Depuis sa direction de l’Histoire des femmes en Occident avec Georges Duby, Michelle Perrot est une figure centrale de l’historiographie française. Elle fait l’objet d’un volume de textes choisis autour de ses objets de prédilection – les ouvriers, les marges, les chambres et les prisons… avec, toujours, les femmes au cœur. L’historien Philippe Artières lui rend hommage.
Michelle Perrot, Le chemin des femmes. Avant-propos de Josyane Savigneau. Robert Laffont, coll. « Bouquins », 1 184 p., 32 €
Je n’ai jamais vu son bureau, seulement ce petit boudoir jouxtant l’espace de l’écriture, un boudoir, devrais-je dire, qui porte bien mal son nom : Michelle Perrot vous y reçoit avec la même attention que vous soyez une jeune historienne indienne, un de ses collègues avec qui elle enseigna à Paris VII, une militante pour l’abolition de la prison ou l’un de ses anciens étudiants. Sous un tableau d’une mer déchaînée, face à une bibliothèque composée de volumes reliés en d’autres siècles, elle vous offrira un thé, une eau gazeuse ou un whisky suivant l’heure du jour et, chaque fois, il y aura cette invitation si rare aujourd’hui : « Alors, racontez-moi ! ».
Michelle Perrot, c’est cela, une voix singulière, claire et chaleureuse ; cette voix, souvent le lundi matin nous l’entendions à la radio présenter un livre et dialoguer avec son auteur.e ; une voix pleine de cette même soif de l’autre, jamais suffisante, toujours inquiète de ne pas avoir bien compris ce que son interlocuteur ou son interlocutrice avait voulu dire.
Il n’en est pas autrement de l’historienne. Michelle Perrot considère le passé avec la même intensité qu’elle écoute le présent. Elle développe depuis 1970 un art des plus rigoureux mais aussi des plus libres : elle a le soin des morts. Comme pour son livre sur George Sand à Nohant (2018), elle lit tout, ne néglige aucune piste, ni aucune information, si futile puisse-t-elle nous paraître. Michelle Perrot sait que l’Histoire est difficile et qu’elle ne s’écrit jamais seul.e.
C’est sans doute aussi qu’elle est écrivaine. Avec elle l’histoire s’écrit par tresses, bouquets, mais aussi treilles.
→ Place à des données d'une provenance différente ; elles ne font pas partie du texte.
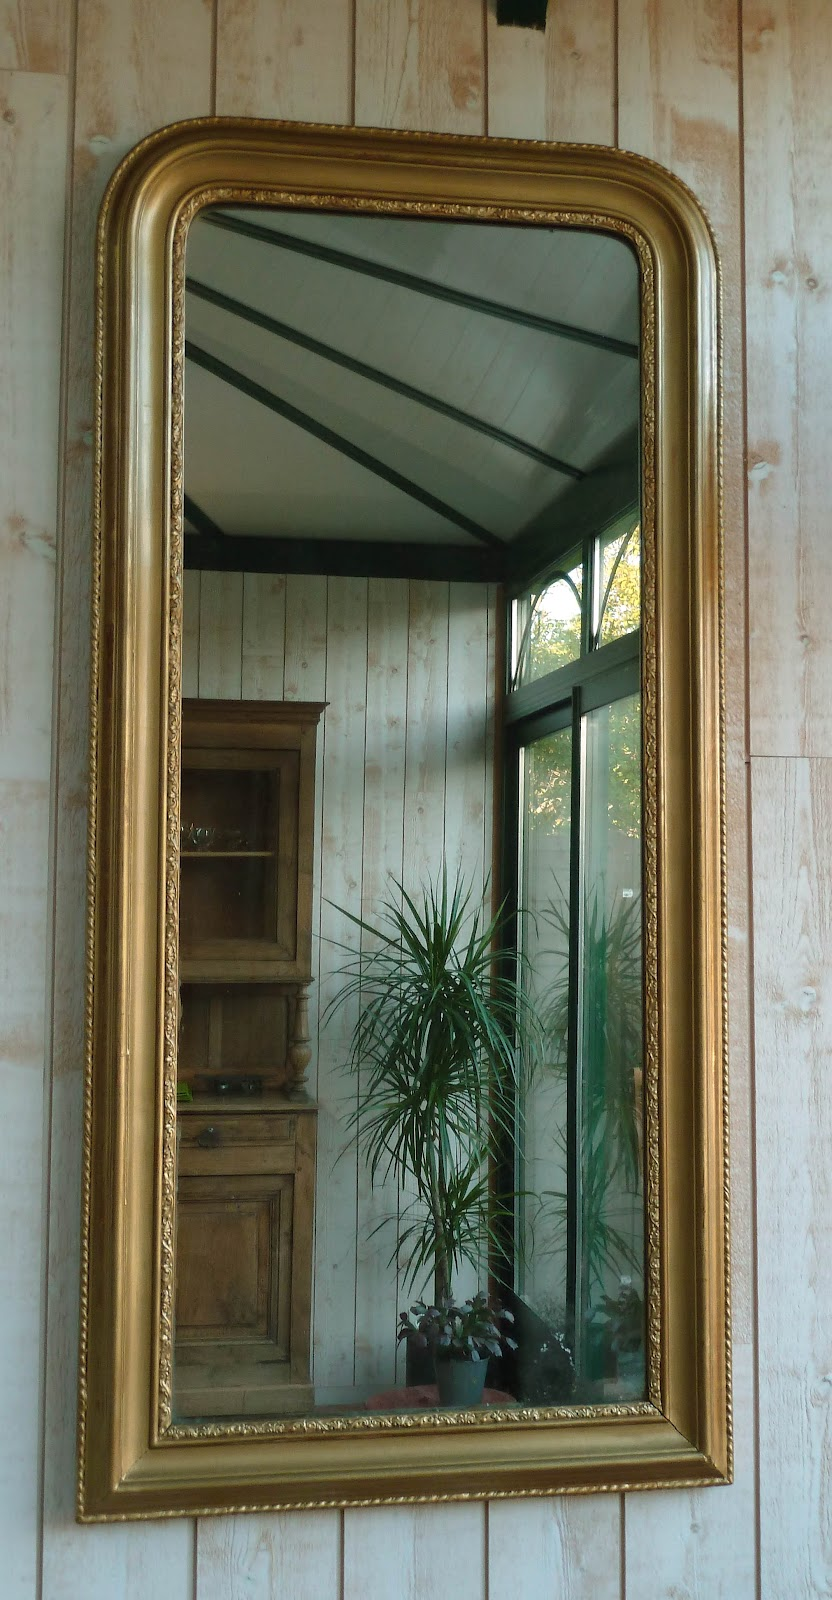 L 39 atelier d 39 emmanuelle miroir mon beau miroir for Desire miroir miroir

Jour après jour, avec cette formidable inquiétude, elle inscrit sur la page la vie des autres. Michelle Perrot fait récit sans jamais s’absenter de son livre ; pudique, elle se tient dans l’ombre de la porte, mais elle l’habite pourtant avec une force qui soudain fait entrer sur la scène du théâtre de l’histoire un prisonnier de la Roquette, une ouvrière textile, un mineur gréviste mais aussi George Sand, Alexis de Tocqueville, ou encore le baron Joseph-Marie de Gérando… Il n’est pas de grands ou de petits acteurs de l’histoire à ses yeux, elle écrit l’histoire comme elle vit sa vie, en sujet libre attentive à tous les mots du monde, nous offrant à nous ses visiteurs de nouvelles perspectives, des chantiers inédits à mener et tant de nouveaux livres à écrire.
Ainsi, Le chemin des femmes, qui paraît cet automne, est également un autoportrait pudique. On relira son ego-histoire, écrite dans les années 1980 pour Pierre Nora, on écoutera une leçon d’écriture de l’histoire, curieuse et grave, incarnée et sensible, on suivra les existences des femmes et des hommes du passé à travers les traces que Michelle Perrot ne cesse de mettre en lumière (archives, littératures, peintures), on mesurera combien aussi cette grande historienne a modifié la discipline historique, comment par la production d’entreprises collectives – à commencer par l’histoire de la vie privée et l’histoire des femmes – Michelle Perrot est au centre de notre présent.